A nivel organizativo, el IGL contribuye a mejorar el clima laboral, fortalecer la cohesión de los equipos, incrementar la capacidad de innovación y evitar la pérdida de conocimiento crítico. No obstante, el desarrollo del IGL también enfrenta importantes barreras. Entre ellas destacan la desconfianza entre generaciones, el temor a la apropiación indebida del conocimiento y la percepción de competencia entre trabajadores. Asimismo, los estereotipos asociados a la edad —el denominado edadismo— influyen negativamente en la interacción, ya que condicionan las expectativas y actitudes de los individuos. A estas dificultades se suman barreras de tipo personal (como la falta de motivación o compromiso), relacional (problemas de comunicación) y organizativo (ausencia de políticas o apoyo institucional). Superar estas limitaciones requiere la implicación activa de todos los niveles de la organización, así como el diseño de entornos que favorezcan la confianza, la colaboración y el reconocimiento mutuo.
Ante esta situación, el aprendizaje intergeneracional se presenta como una herramienta fundamental para favorecer la retención y transferencia del conocimiento. En el ámbito universitario las principales formas de IGL se desarrollan en equipos de investigación intergeneracionales, programas de mentoría y espacios de colaboración académica. Estas prácticas permiten no solo la transmisión de conocimientos, sino también la construcción de relaciones profesionales basadas en la confianza y el aprendizaje mutuo. En este sentido, el llamado reverse mentoring destaca como una estrategia especialmente eficaz, ya que invierte los roles tradicionales y permite que los trabajadores más jóvenes, especialmente en el ámbito de las TIC, se conviertan en formadores de sus colegas más experimentados. Uno de los principales retos consiste en transformar el aprendizaje intergeneracional en una práctica intencionada y estructurada dentro de las universidades. Esto implica no solo reconocer su valor, sino también diseñar políticas y estrategias que lo fomenten de manera explícita.

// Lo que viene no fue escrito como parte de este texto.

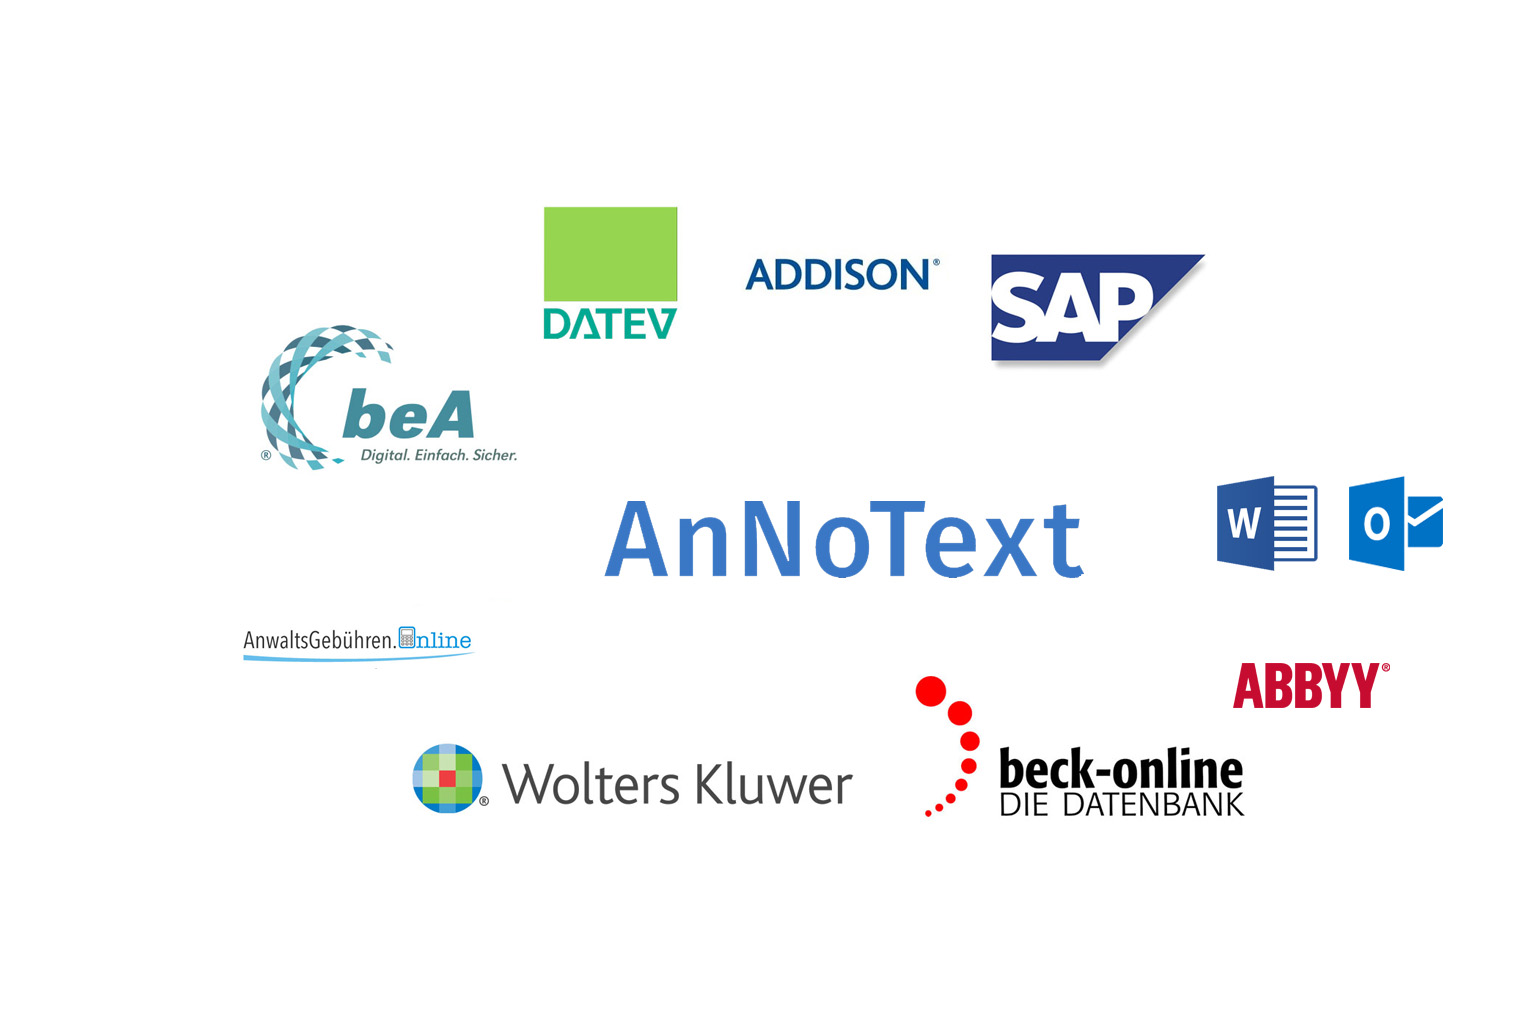 AnNoText bietet die Anbindung von weiteren Diensten

El aprendizaje intergeneracional representa una dimensión clave para el desarrollo de las universidades en un contexto de transformación. Su potencial para mejorar el rendimiento individual, fortalecer los equipos de trabajo y preservar el conocimiento acumulado lo convierte en un elemento estratégico. Sin embargo, su consolidación requiere una mayor atención y, sobre todo, un compromiso que permita integrarlo en la cultura y las prácticas universitarias. Solo así será posible afrontar con éxito los desafíos del relevo generacional y avanzar hacia universidades más inclusivas, dinámicas y sostenibles.